Nada disso, porém, tira a beleza da cidade. Sempre há um jeito de fugir do circuitão turístico. Há sempre a chance de se perder em ruelas que revelam belezas tão admiráveis como as dos principais pontos turísticos. Há sempre a chance que tive de ficar num hotel fora do centrão e usar o eficiente sistema integrado de transportes públicos da cidade (metrô, ônibus e bondes elétricos), esse sim, destinado à população local e uma divertida aventura quando não se domina a língua tcheca. E dá ainda para passear pela Petrin Hill, um lugar presente na obra de Kundera, que reservei para uma deliciosa e saudosista releitura de “A Insustentável Leveza do Ser”, especialmente comprado para a ocasião. Petrin Hill é um charmoso monte perto da cidade que oferece a chance de admirar de cima e de longe a beleza de Praga, em especial os fantásticos telhados vermelhos que são uma espécie de marca registrada da cidade.

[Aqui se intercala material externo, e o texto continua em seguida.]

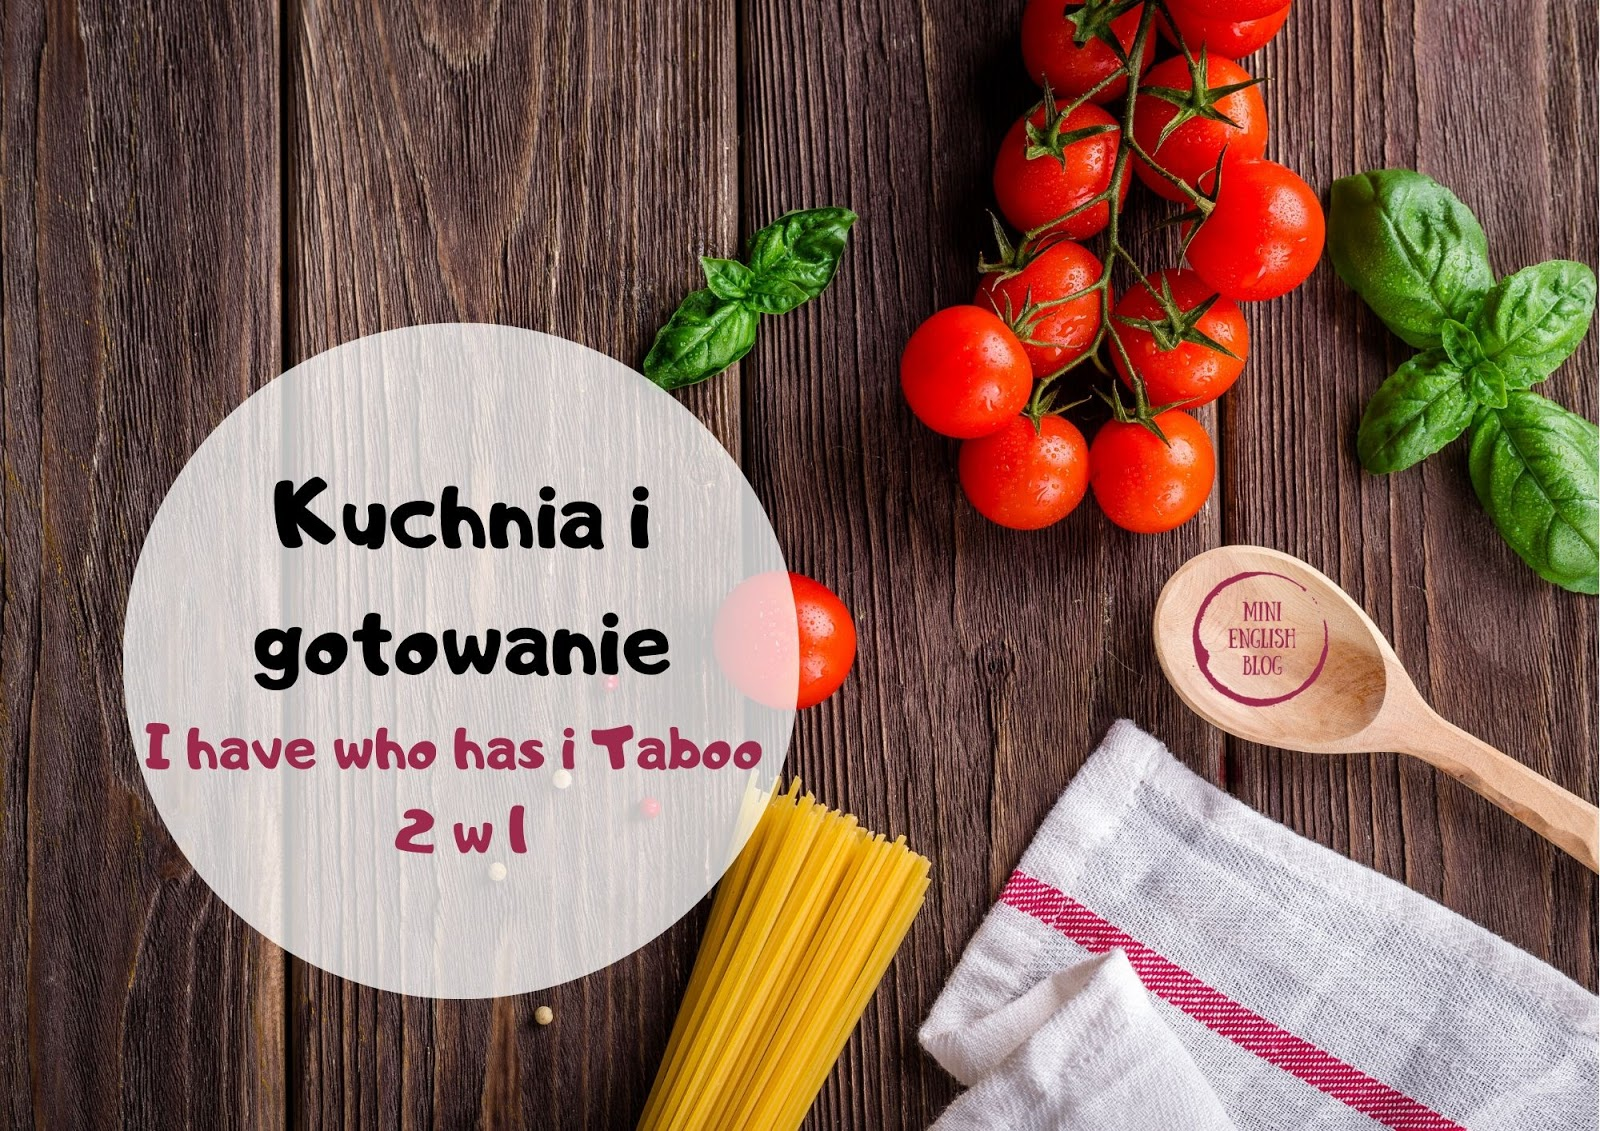 I have who has i Taboo 2w1. Wyposażenie kuchni i gotowanie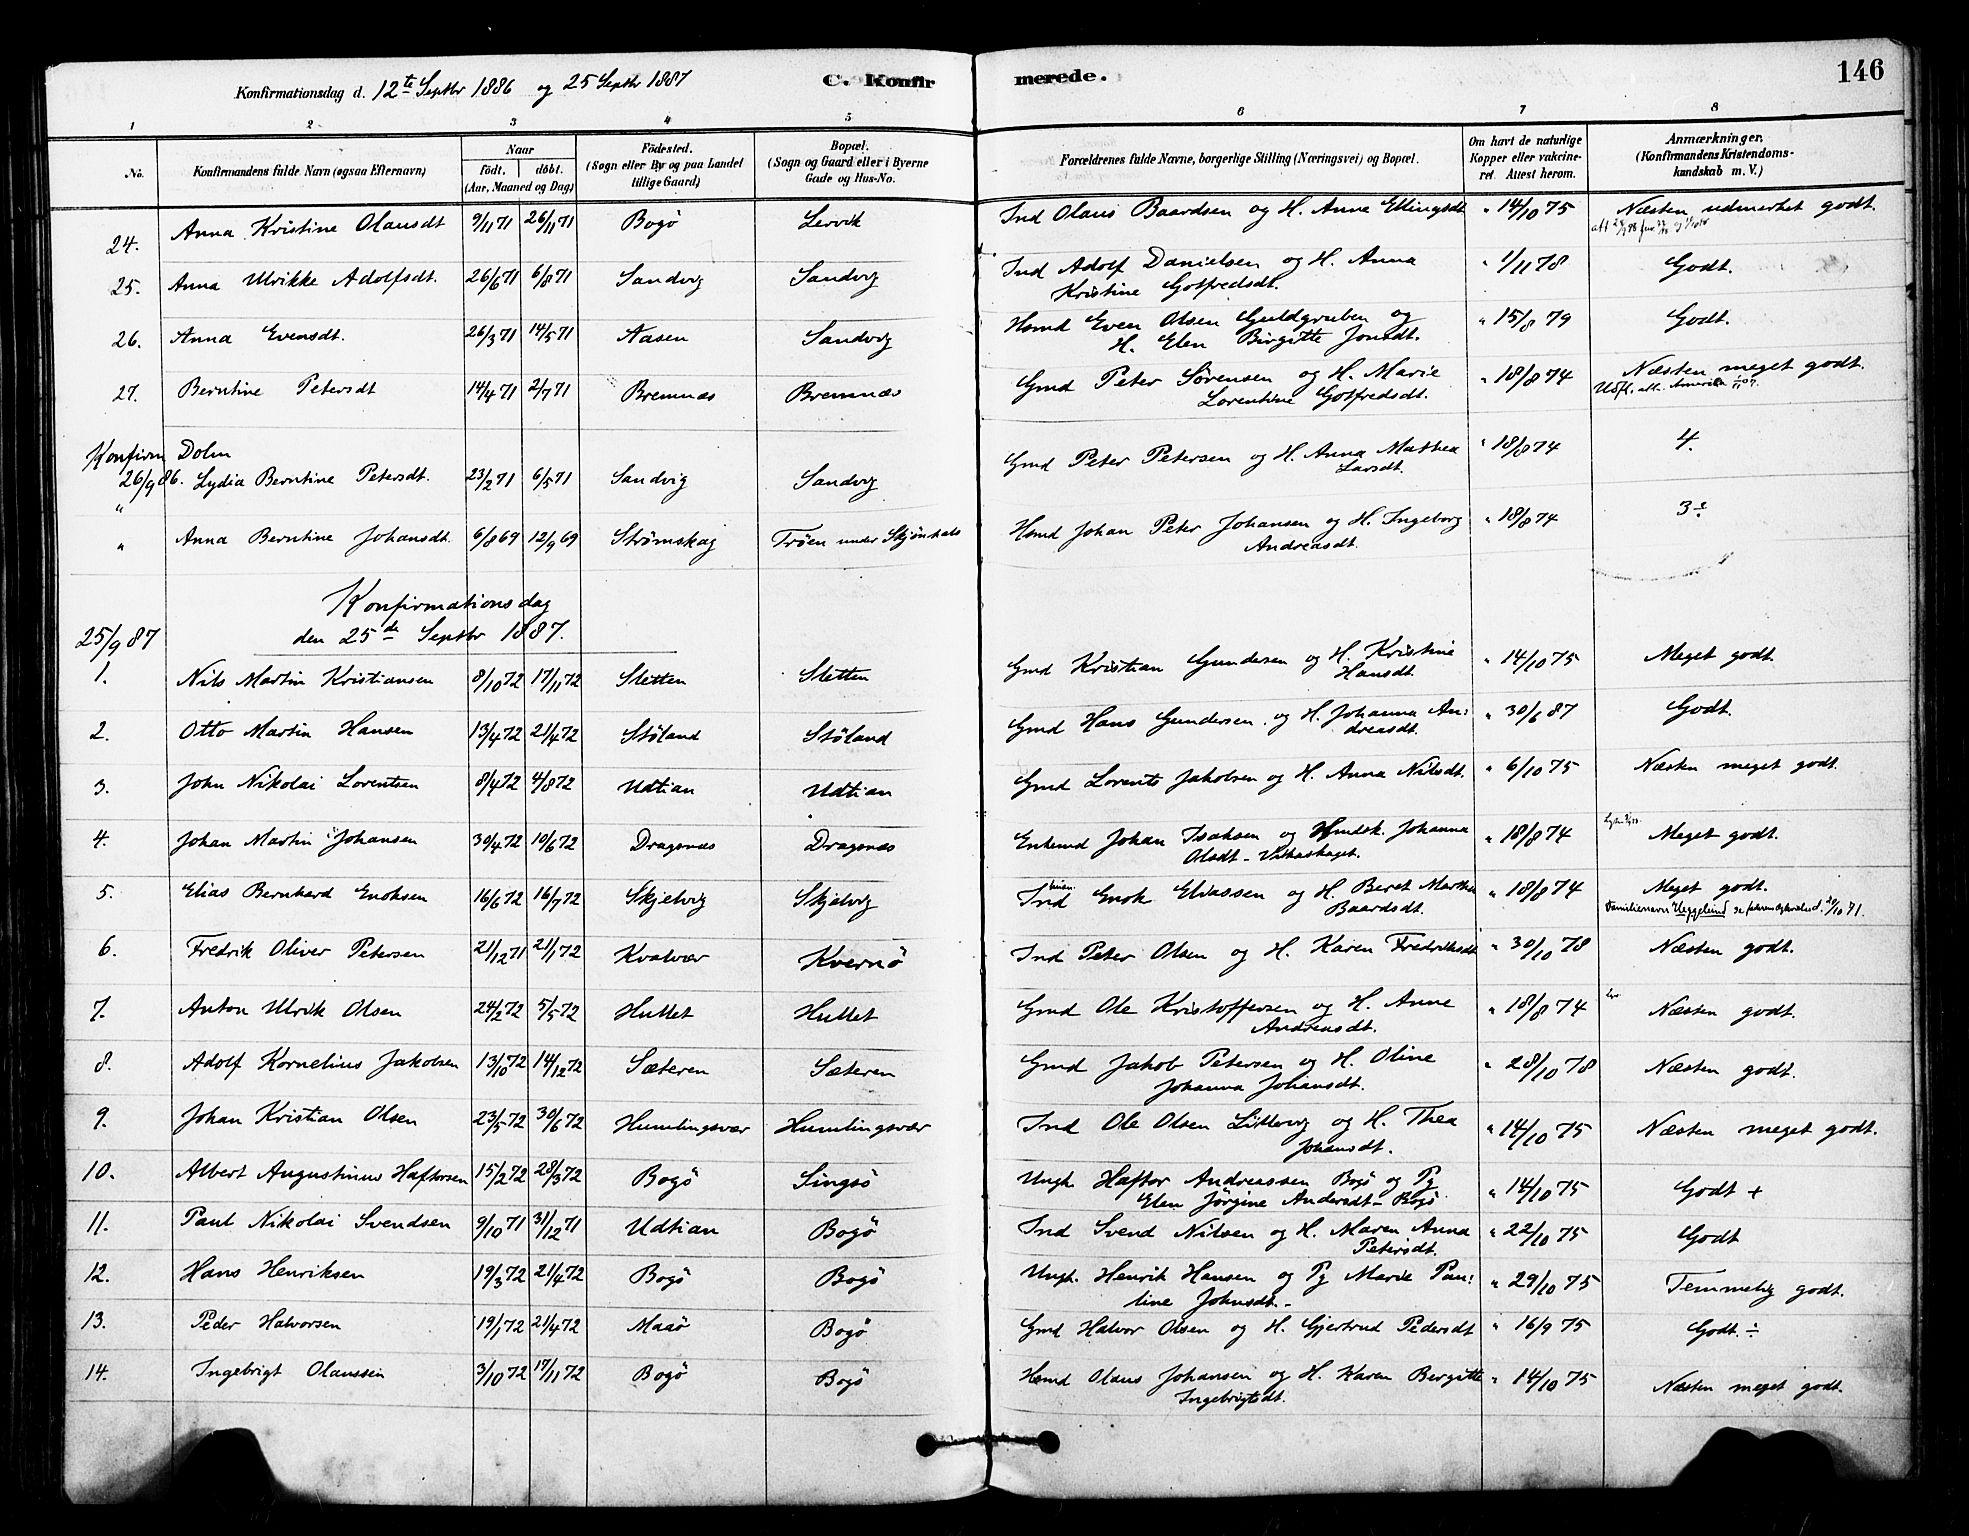 SAT, Ministerialprotokoller, klokkerbøker og fødselsregistre - Sør-Trøndelag, 640/L0578: Ministerialbok nr. 640A03, 1879-1889, s. 146

Finalmente, ao sair de Praga, se você tiver sorte, ainda pode ter o privilégio que tive de tomar um vôo que me exigia estar no aeroporto às 6 da manhã. Isso vai te dar a chance de passear de táxi no centro da cidade vazia e te encorajar a pedir ao motorista para ir devagarzinho, a fim de que você possa curtir e ver com calma o que a multidão de turistas te impediu nos dias anteriores.